Note: to use multidomain kmeans models you need scikit-learn==0.22.2.post1
Dir stucture:
* faieseq (clonned fairseq repo)
* data-prep (copy from `/gpfs/hpc/projects/nlpgroup/bergamot/data-prep`)
* experiments (for model checkpoints and tb log; subfolders include "concat", "finetuned_europarl", "domain_control", etc.)
* scripts (running commands for different DA scenarious and data prep)
conda create -n da python=3.8
conda activate da
conda install pytorch torchvision torchaudio cudatoolkit=10.1 -c pytorch
pip install scipy numpy pandas transformers==4.0 sentencepiece tensorboardX
git clone https://github.com/maksym-del/da
cd da
git clone https://github.com/pytorch/fairseq
cd fairseq
# fairseq commit: 1a709b2a401ac8bd6d805c8a6a5f4d7f03b923ff
# git reset --hard 1a709b2a401ac8bd6d805c8a6a5f4d7f03b923ff
pip install --editable ./
pip install tensorboard
pip install tensorboardX
cd ..
cp -r /gpfs/hpc/projects/nlpgroup/bergamot/data-prep .
bash scripts/SCRIPTNAME.sh
or
sbatch scripts/SCRIPTNAME.slurm
0) Before running below's scripts, change paths to data and models in them (see "CHANGE THIS LINE" comment)

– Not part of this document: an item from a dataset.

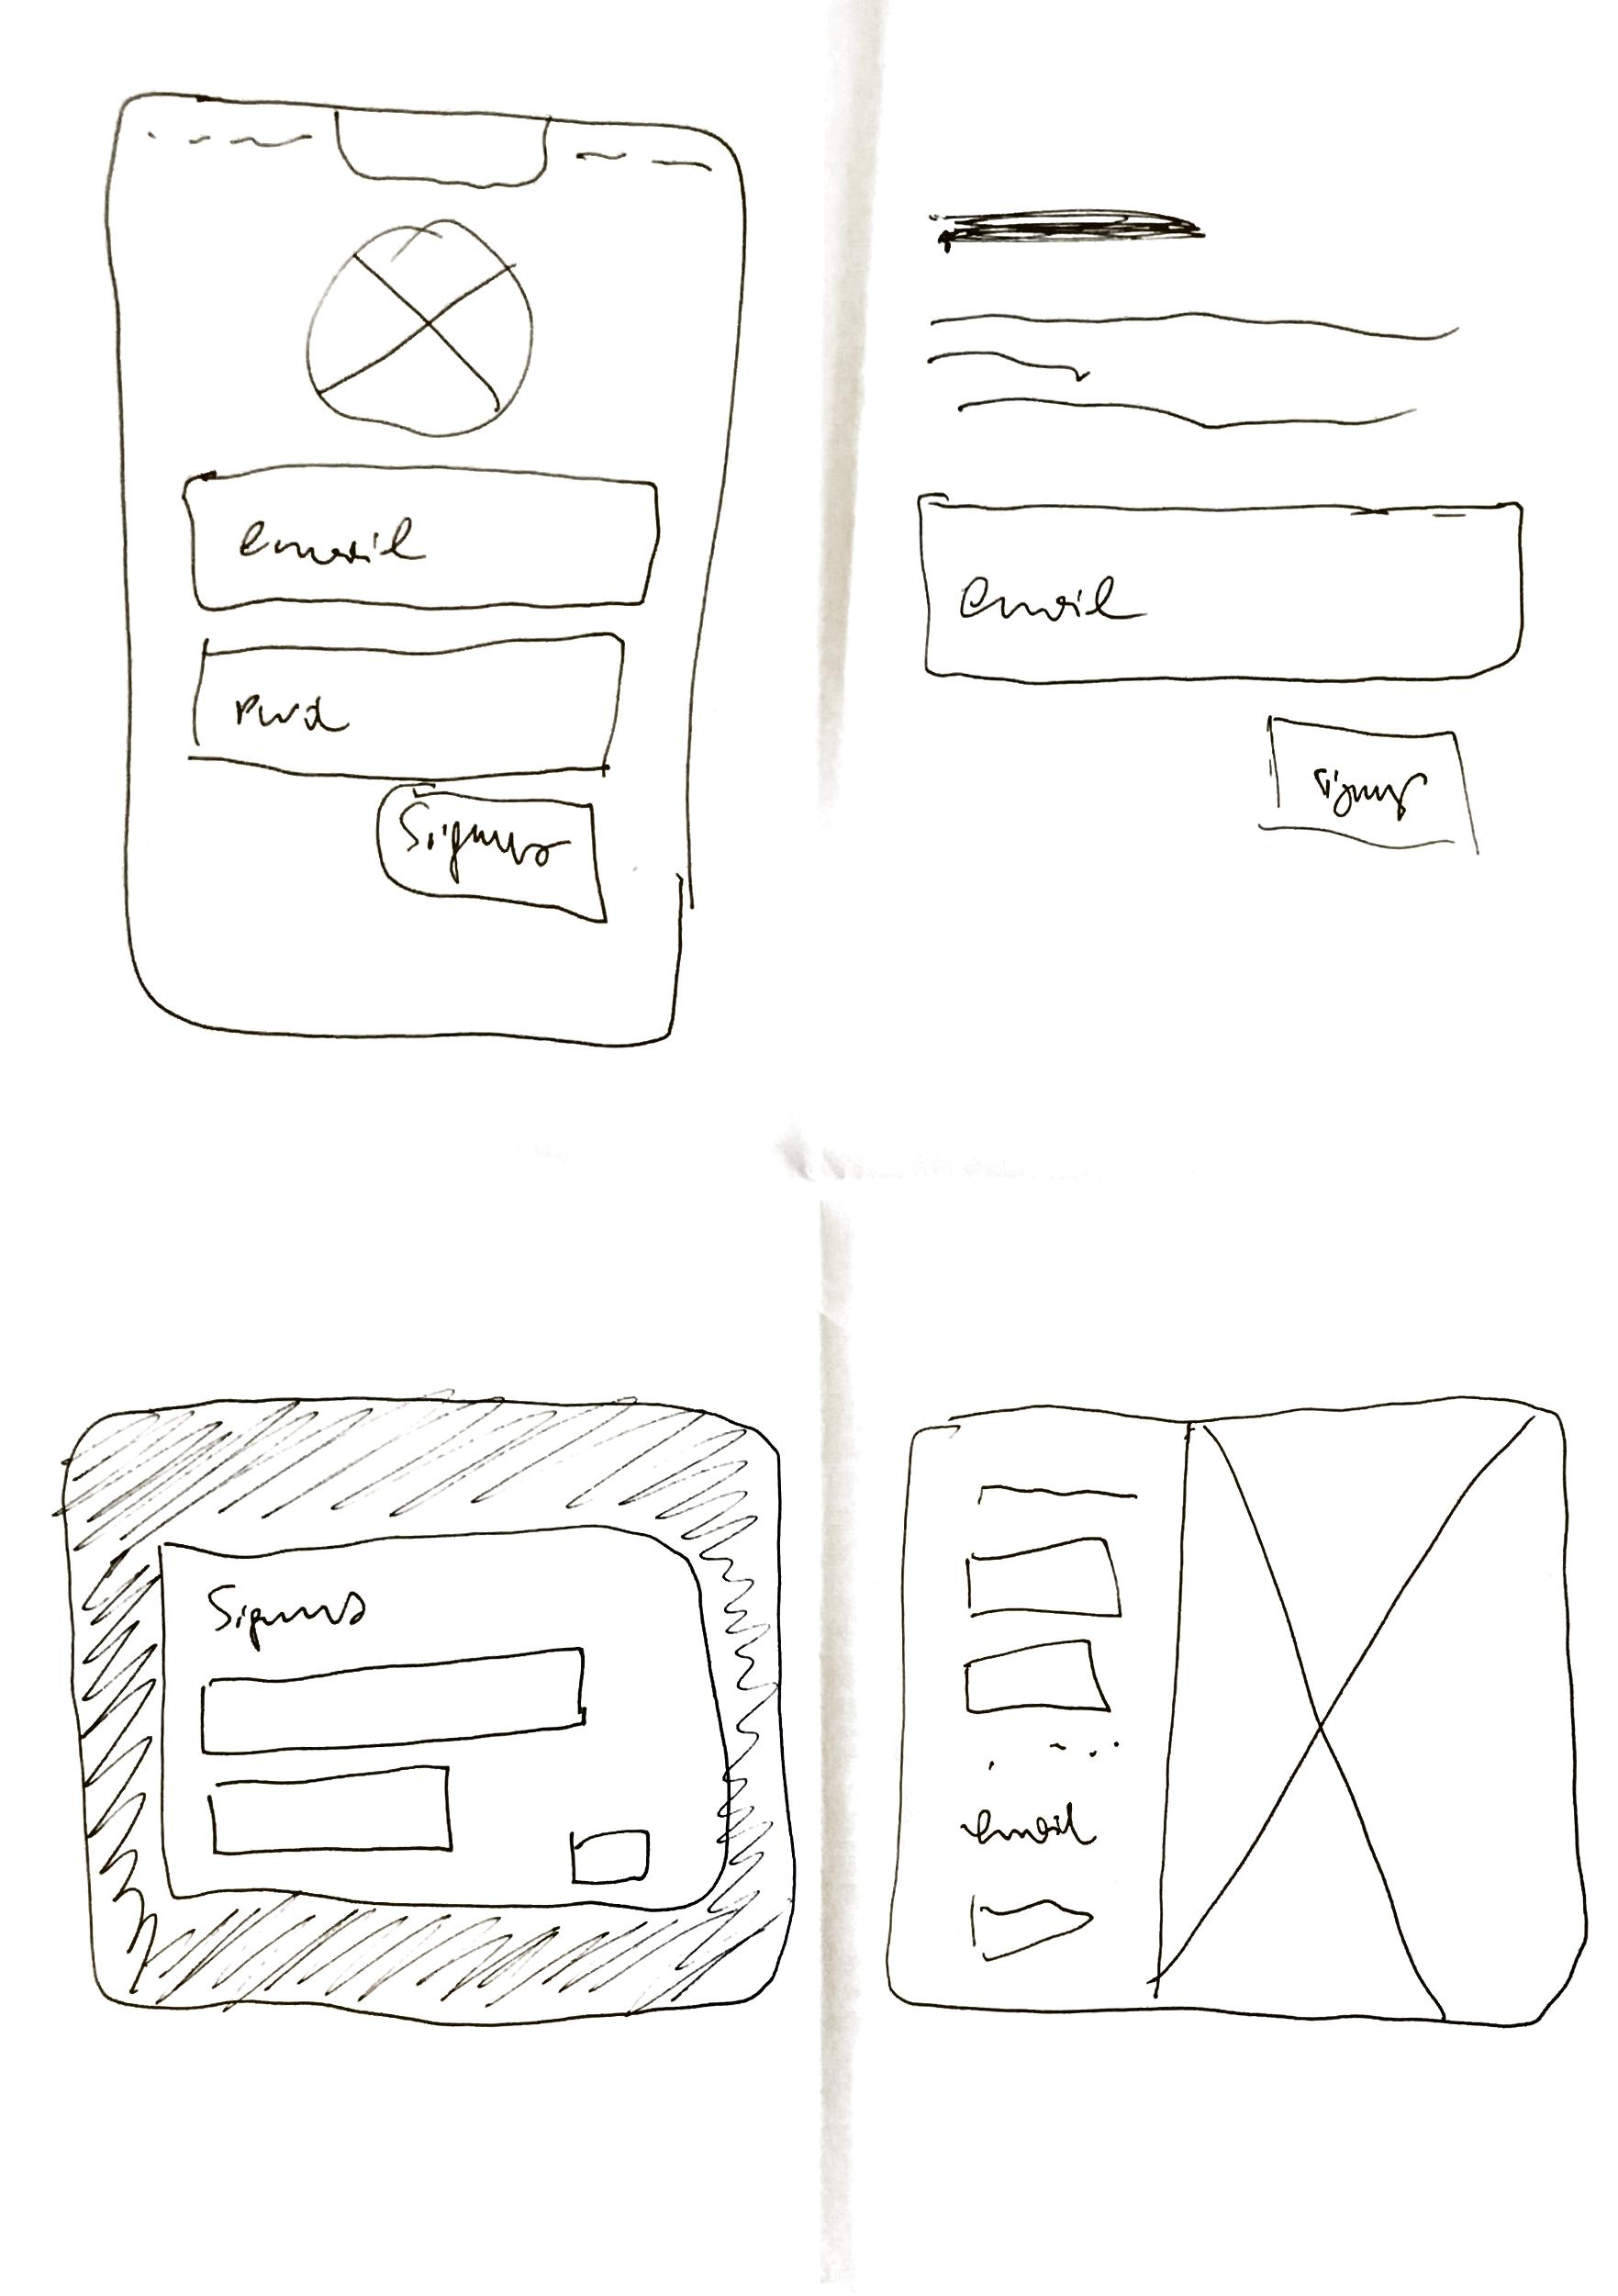 Daily001 idea wireframe

1) Convert trained fseq Transfomer to Huggingface format:
python scripts-clustering/convert_chkp_fseq_to_hf.py de-en
2) Extract NMT sentence and document representations:
# sent
python scripts-clustering/extract_reps.py nmt sent test
python scripts-clustering/extract_reps.py nmt sent dev
python scripts-clustering/extract_reps.py nmt sent train
# doc
python scripts-clustering/extract_reps.py nmt doc test
python scripts-clustering/extract_reps.py nmt doc dev
python scripts-clustering/extract_reps.py nmt doc train
3) Get clusters:
# sent
python scripts-clustering/kmeans_train.py nmt sent 8
python scripts-clustering/kmeans_predict.py nmt sent 8 test
python scripts-clustering/kmeans_predict.py nmt sent 8 dev
python scripts-clustering/kmeans_predict.py nmt sent 8 train
# doc
python scripts-clustering/kmeans_train.py nmt doc 8
python scripts-clustering/kmeans_predict.py nmt doc 8 test
python scripts-clustering/kmeans_predict.py nmt doc 8 dev
python scripts-clustering/kmeans_predict.py nmt doc 8 train
- Extract XLM-R sentence and document representations:
Same commands as before, just use "bert" instead of "nmt.
For example:
python scripts-clustering/extract_reps.py bert sent test
Now that you have cluster (domain) separated data, fine-tune an NMT baseline (from before).to each of the clusters and get results.